Les internés doivent de temps en temps se rendre chez le dentiste, à Buckingham. Le voyage est long, d’abord à bord du train du TNVR jusqu'à Thurso, puis du train du Canadien Pacifique jusqu'à Buckingham en passant par Masson. Ces étrangers, qui portent un uniforme bleu avec un grand cercle rouge dans le dos, sont alors bien connus dans la région. Un jour, ils versent quelques bonnes rasades d'alcool à leur gardien et vont s’amuser en ville. Quelques semaines plus tard, il y a bien des mines piteuses lorsqu'on découvre qu'un groupe d'internés allemands détenus au fond d’une forêt impénétrable sont atteints... de maladies vénériennes.
Les réserves de bois mou avaient été épuisées dans les années suivant l'acquisition du droit de coupe par la Singer. Mais au milieu des années 1950, elles se sont assez reconstituées pour qu’on puisse envisager la production de pâte à papier. En 1956 naît la Thurso Pulp and Paper Company. L’usine de pâtes et papiers est inaugurée en 1958. Sa production de pâte est de 200 tonnes par jour.
Jusqu'en 1958, le chemin de fer est le seul moyen de transport pour le travail dans les forêts de la région. Mais la construction d’une route de terre l'année suivante brise ce monopole. Et en 1959, la Compagnie Singer commence la fabrication, l'assemblage et la finition de ses tables de machines à coudre à Saint-Jean-sur-Richelieu. L'usine de Thurso est vendue en 1964 à la James MacLaren ompany. Au début des années 1970, le pavage des routes met les chemins de fer en concurrence avec le camionnage. Les activités du TNVR se poursuivent néanmoins jusqu'au début des années 1980.

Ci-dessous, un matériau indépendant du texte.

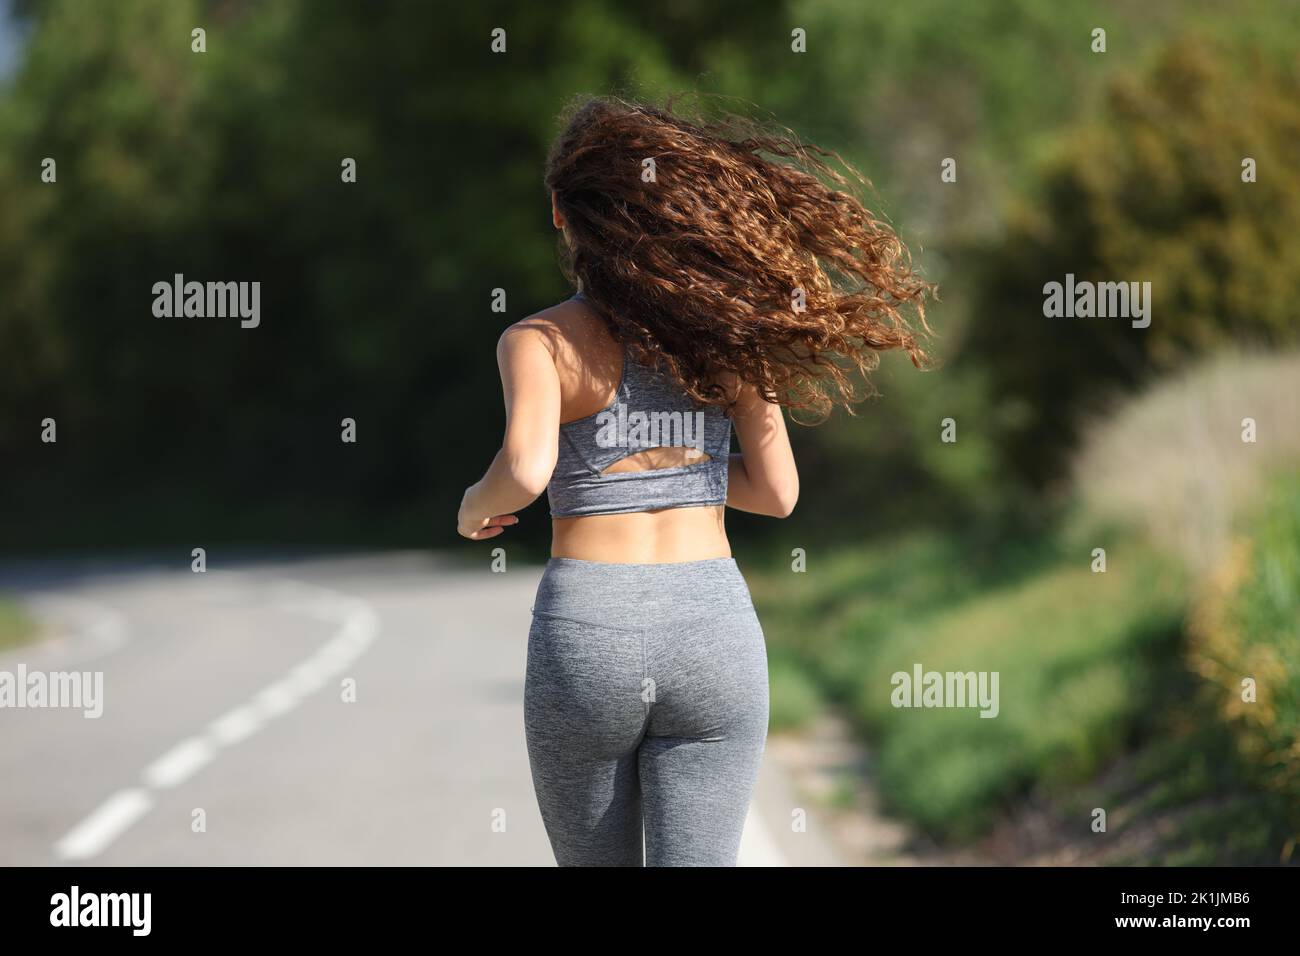 Vista posterior retrato de una mujer corriendo en una carretera Foto de stock

Ses activités sont suspendues pour les fêtes de Noël de 1985, mais elles ne reprennent pas les trois premières semaines de 1986. Puis les employés sont informés que le chemin de fer fermerait dans un avenir prochain. Et le 26 septembre 1986, trois wagons plats sont envoyés jusqu'à Duhamel pour récupérer le matériel restant. Les outardes passent en grands voiliers vers le sud. Quand elles reviendront au printemps suivant, les rails auront disparu.